Alex Pretti, l’infermiere americano ucciso dagli agenti dell’Ice a Minneapolis, si è intromesso in “un’operazione mirata delle forze dell’ordine del Dhs contro un immigrato clandestino ricercato per aggressione violenta”, perché con sé aveva una pistola e perché mentre “gli agenti hanno tentato di disarmarlo” ha opposto “una violenta resistenza“. Così “temendo per la propria vita e per quella dei colleghi, un agente ha sparato per difendersi”. Ma Alex Pretti è morto anche perché “questa violenza è alimentata direttamente dalla retorica d’odio dei politici-santuario del Minnesota”. E “deve finire subito”. Sono le parole affidate ai social da Kristi Noem, Segretario della sicurezza interna degli Stati Uniti d’America, con cui dà la lettura ufficiale dell‘ultimo omicidio compiuto dagli agenti dell’Ice, la famigerata agenzia federale per l’immigrazione e il controllo delle Frontiere, per le strade di Minneapolis. Noem non ha dubbi: “Non si tratta più di semplici agitatori. Sono proteste violente”, denuncia poche ore dopo da Fox News.

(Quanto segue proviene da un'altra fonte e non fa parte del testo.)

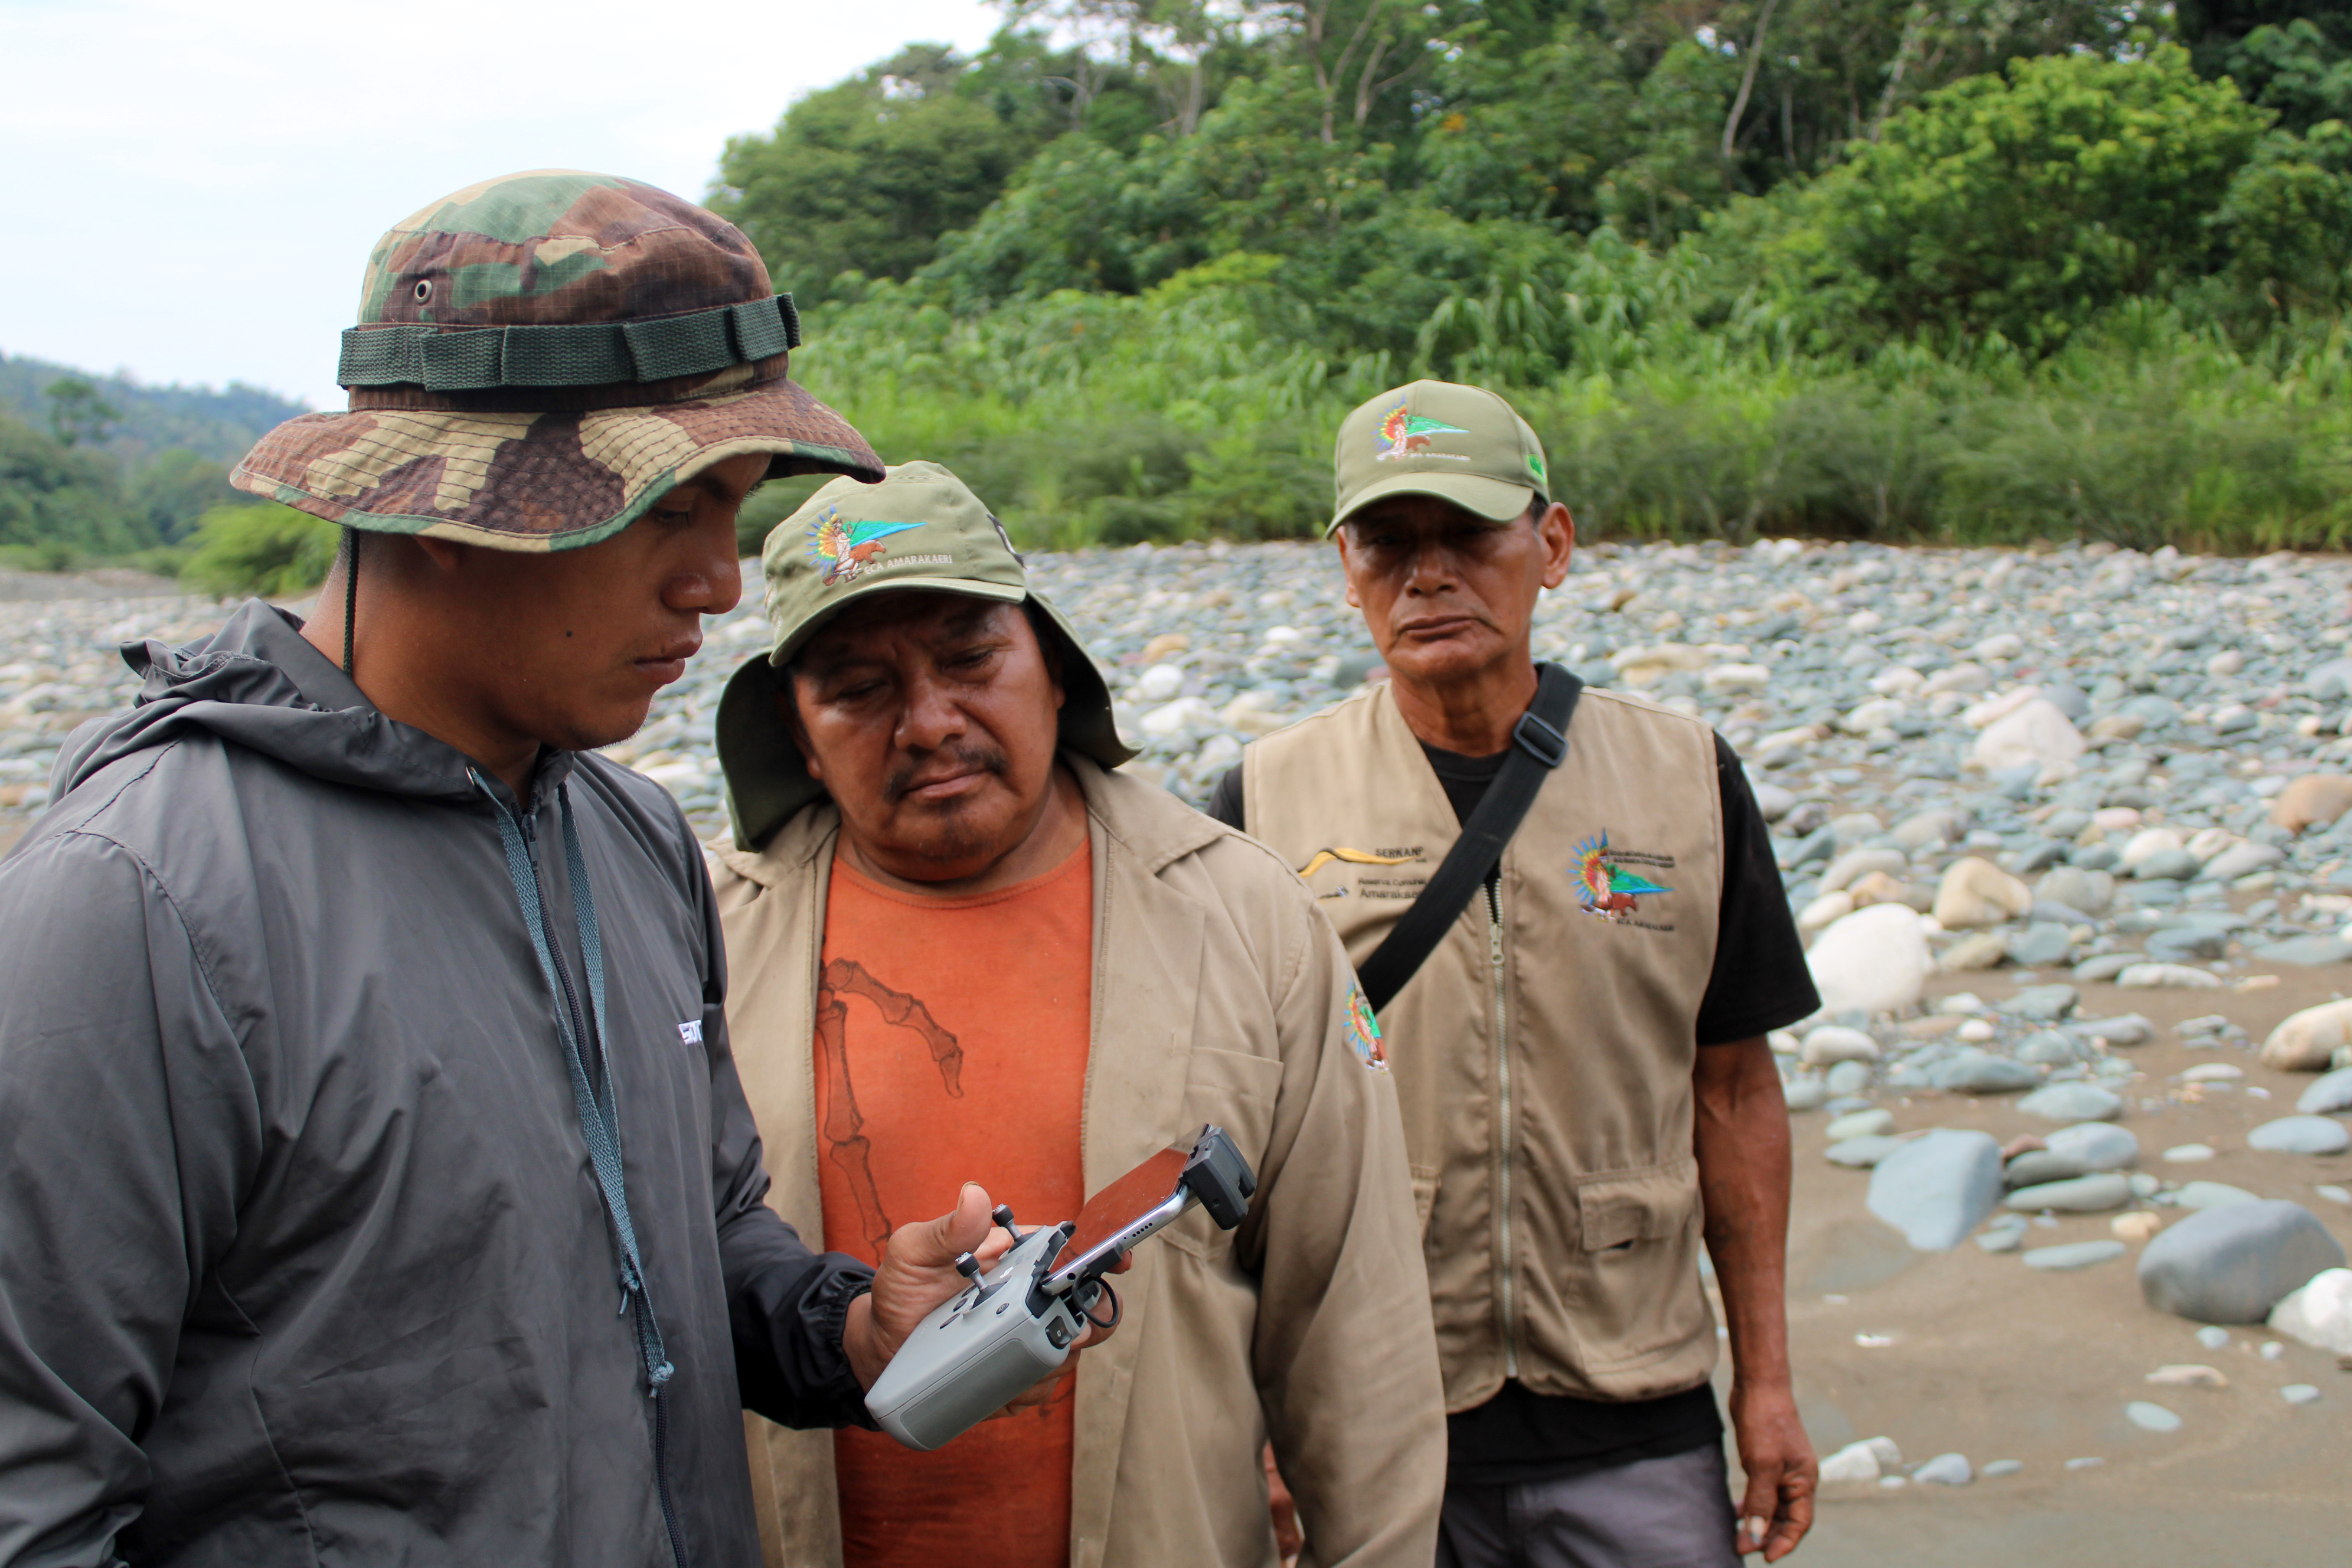 El patrullaje se realizó en el sector del río Dahuene, ubicado en el interior de Amarakaeri, colindando con la comunidad nativa Puerto Luz.
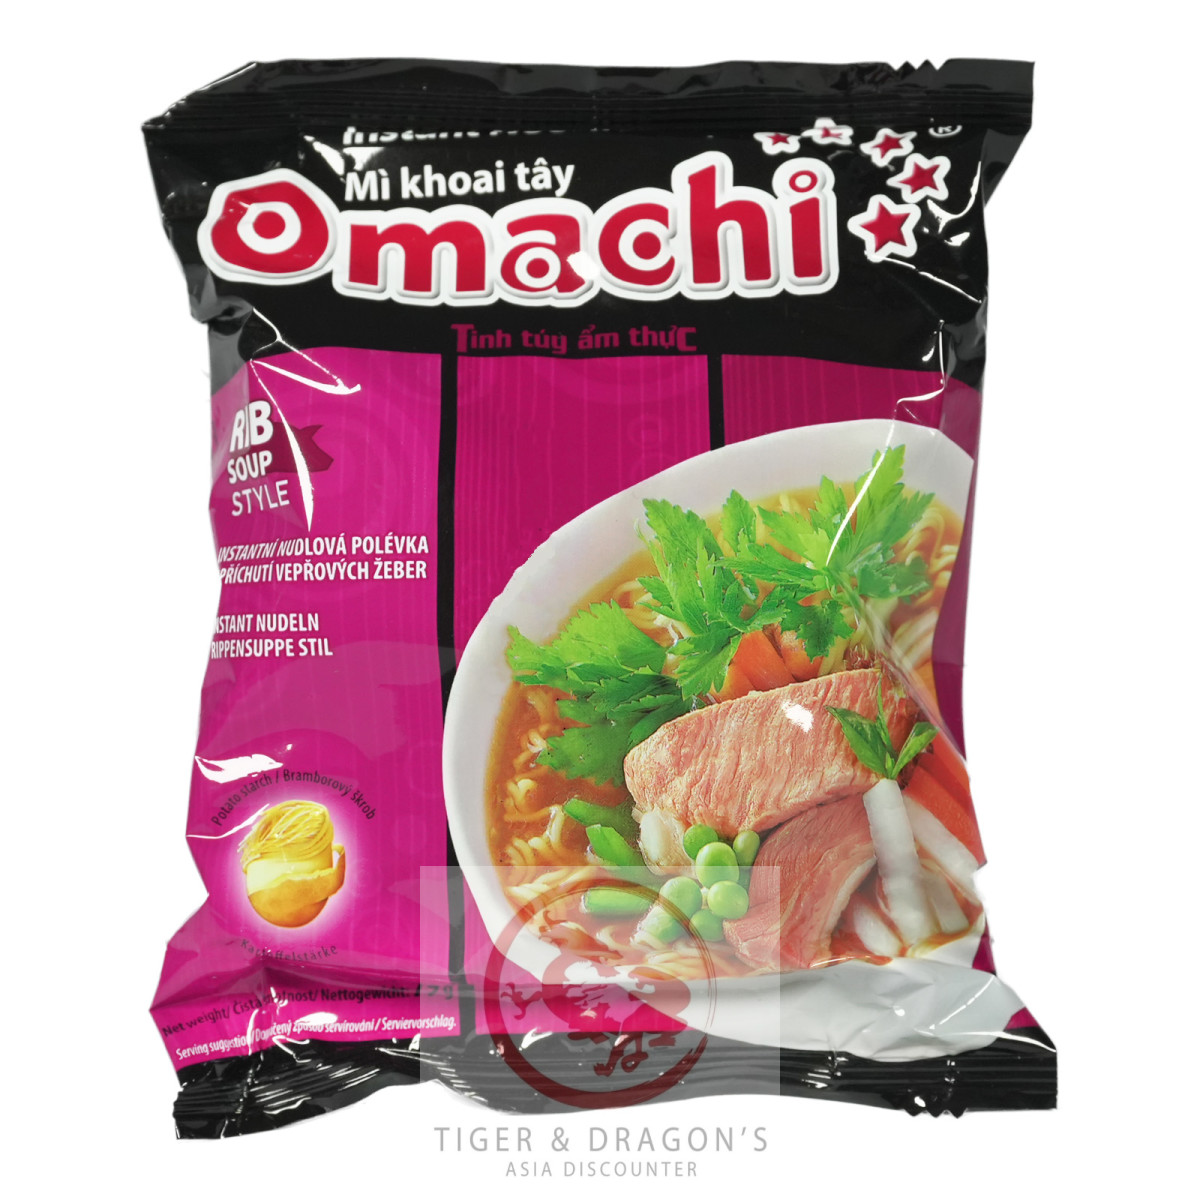 Omachi Instantnudeln Schweinrippchen Geschmack 79g

TRUMP AVVALLA LA VERSIONE DI NOEM E DEL DHS
A suggellare definitivamente la versione ufficiale degli ultimi accadimenti a Minneapolis è poi lo stesso Donald Trump che dal suo social Truth non ha dubbi: “Lui aveva una pistola, solo i criminali portano con sé pistole nelle nostre strade, abbiamo bisogno del rispetto delle leggi e di ordine”, tuona in un post che è chiaramente un commento sulla morte di Pretti, anche se non fa nemmeno il suo nome.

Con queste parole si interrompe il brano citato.